Earles and Papajohn filed numerous pretrial motions. The district court granted Papajohn’s motion for severance and her case proceeded to trial. At that trial, Donnie refused to testify and stated that he was asserting his privilege against self-incrimination. Despite the government’s grant of use immunity for his testimony and the district court’s explanation that such immunity rendered his claim of Fifth Amendment immunity unavailing, Donnie continued to refuse to testify at trial, explaining that he did not want to testify against his father or Papajohn. The district court held Donnie in contempt and jailed him for his failure to testify. After granting a continuance, the district court explained that a mistrial would be granted if Papajohn agreed to be tried together with Earles. Papajohn agreed and the district court declared a mistrial. At the subsequent joint trial of Earles and Papajohn, Donnie again refused to testify, in spite of the intervening jail time and another grant of immunity. The district court declared Donnie an

-3- unavailable witness and allowed the government to read to the jury redacted portions from all three of the transcripts of Donnie’s grand jury testimony, over defendants’ objection.

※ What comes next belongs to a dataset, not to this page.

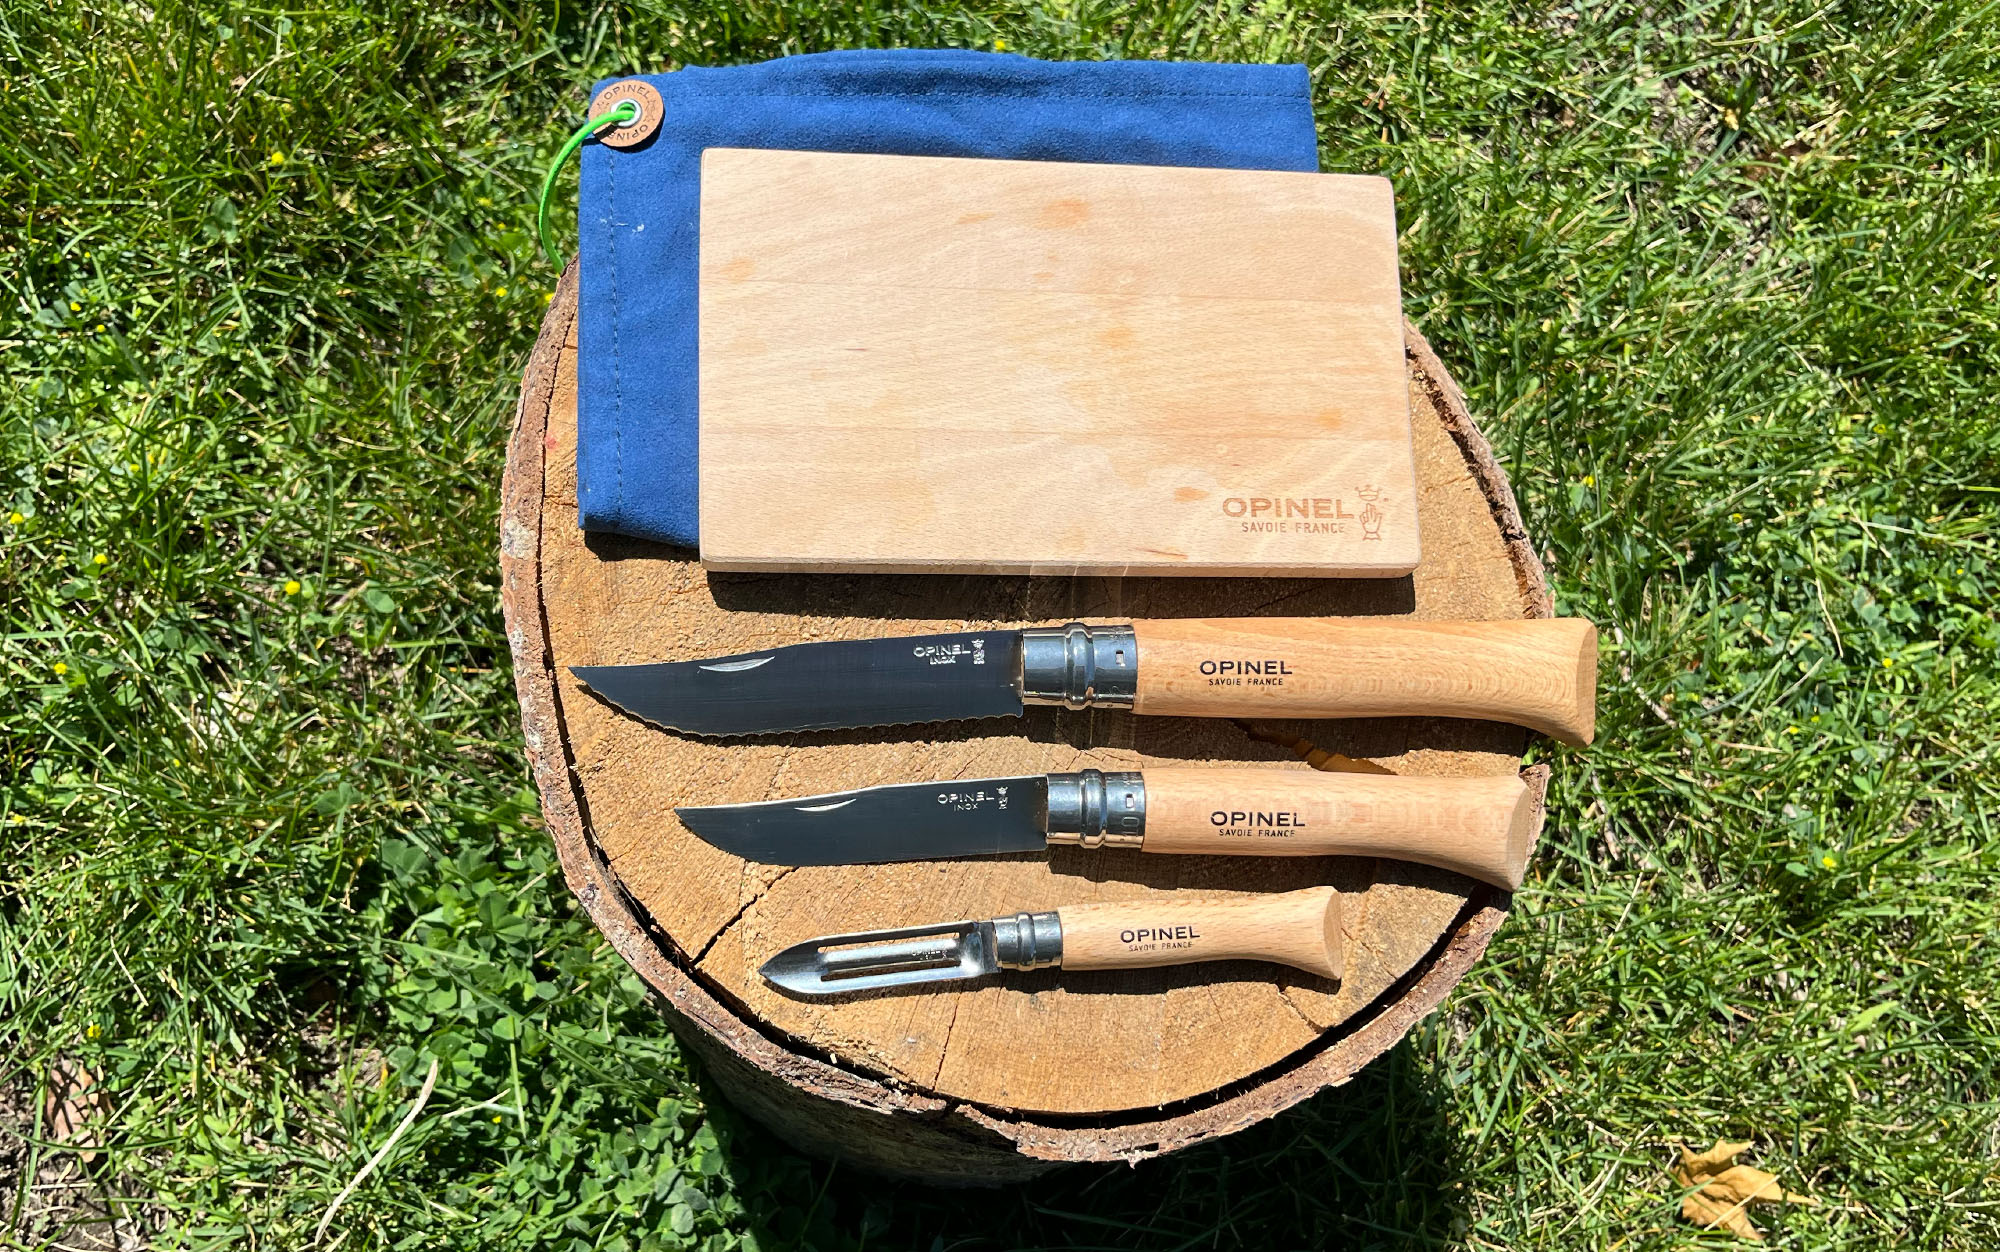 https://www.outdoorlife.com/wp-content/uploads/2023/06/30/Opinel-Cooking-Kit-Laid-out.jpg

In addition to Donnie’s testimony, a local deputy sheriff testified that he had observed Earles and Donnie entering and exiting the IGA and a nearby building around 1:00 a.m. on the night of the fire. Because the officer was suspicious of the late night activity, he drove by the store again later that night. At that time, he followed the men’s vehicle to Papajohn’s residence where they entered through the garage. Still later that same morning, the officer received the call regarding the fire at the IGA.

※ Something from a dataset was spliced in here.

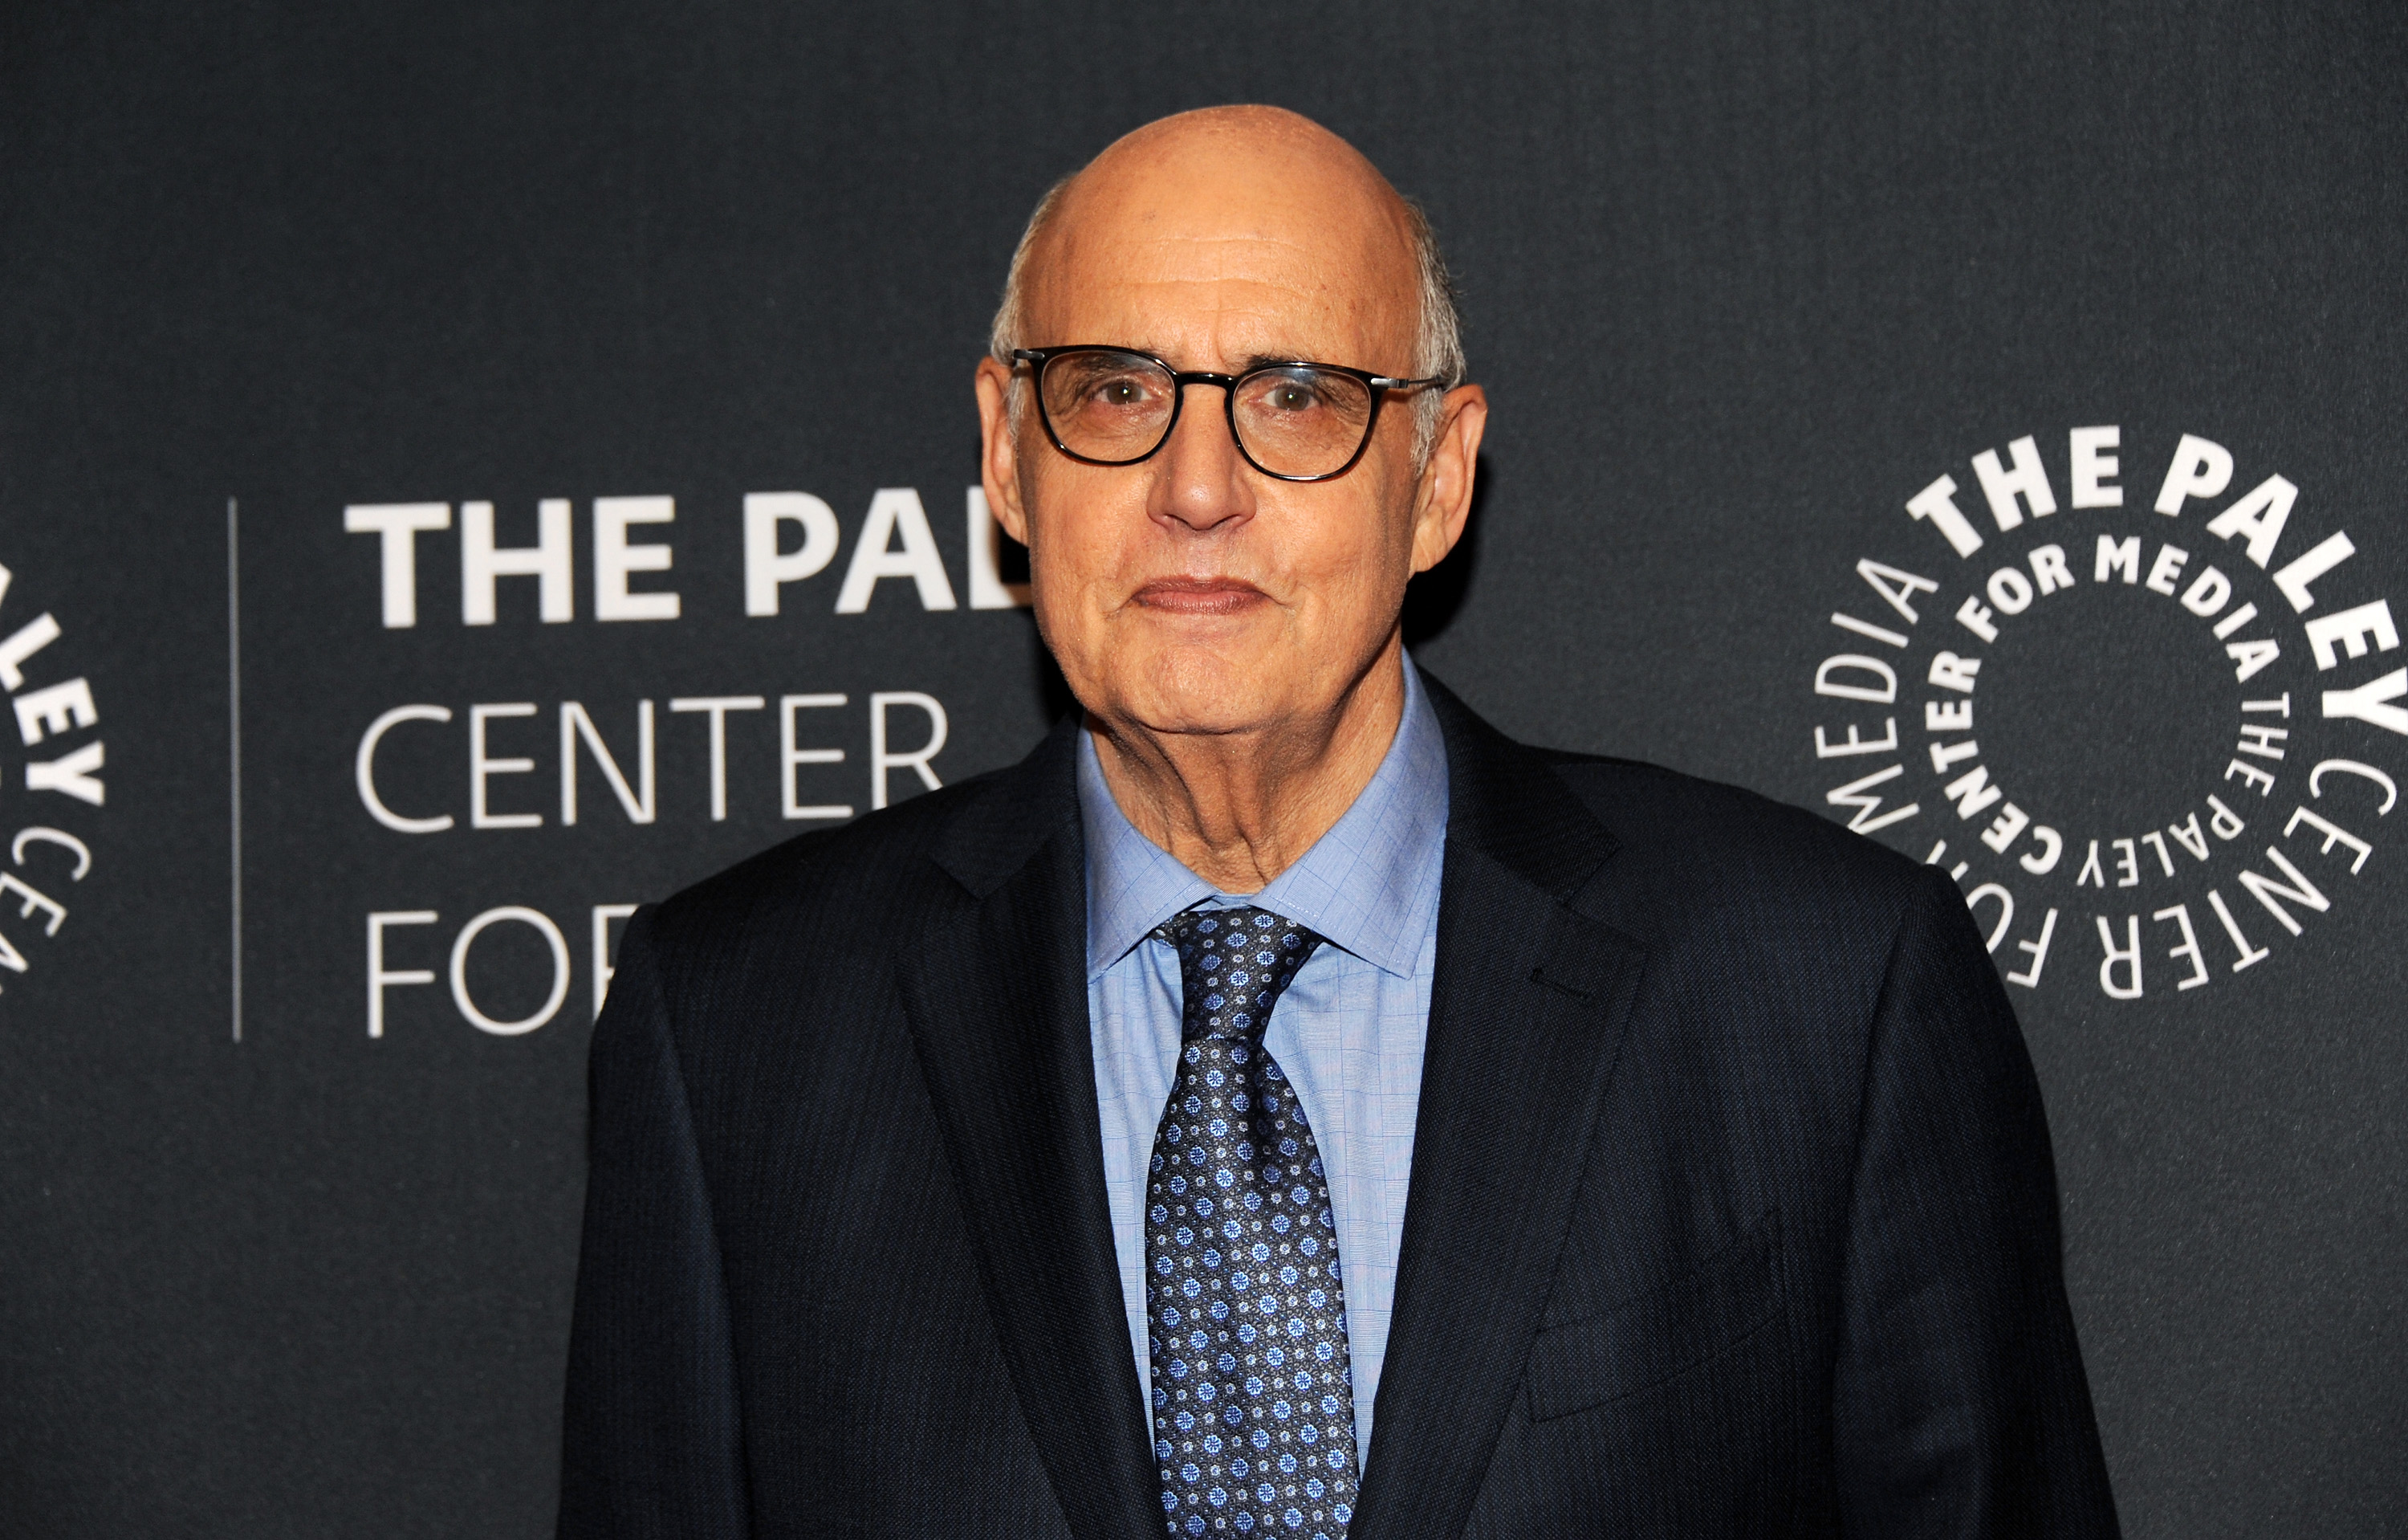 Jeffrey Tambor at The Paley Center for Media in New York on Sept. 13, 2017. (Desiree Navarro—Getty Images)

The government also presented evidence that the fire investigators had concluded that arson was the cause of the fire. The investigators agreed that the fire was incendiary in origin and that a flammable liquid had been used as an accelerant. In addition, the government presented evidence that Papajohn had been experiencing financial difficulty and was behind in her payments to creditors and vendors, including six months behind in payments on a secured note for the IGA inventory. Further evidence showed that Papajohn processed her proof of loss with St. Paul through the mail. Papajohn, in return, was sent checks from St. Paul totaling $188,665.00 in settlement of her claim. The jury convicted Earles of one count of arson, two counts of aiding and abetting the crime of mail fraud, and one count of conspiracy. Papajohn was convicted of one count of aiding and abetting arson, two counts of mail fraud, and one count of conspiracy. After trial, defendants moved for a judgment of acquittal or, in the alternative, a new trial. They contended that the district court erred in allowing Donnie’s grand jury testimony into evidence and that the government’s evidence, without the grand

-4- jury testimony, was insufficient to support the convictions. The district court agreed and entered a judgment of acquittal. It denied defendants’ alternative motions for a new trial. The government appeals, arguing that the grand jury testimony was properly admitted and, if not, that the defendants should be retried.

II. DISCUSSION A. Admission of Grand Jury Testimony

As indicated, after Donnie refused to testify, the government offered portions of Donnie’s grand jury testimony into evidence. The defendants objected, arguing that such testimony was inadmissible hearsay. The district court first determined that Donnie was an unavailable witness due to his continuing refusal to testify despite court orders to do so. Fed. R. Evid. 804(a)(2).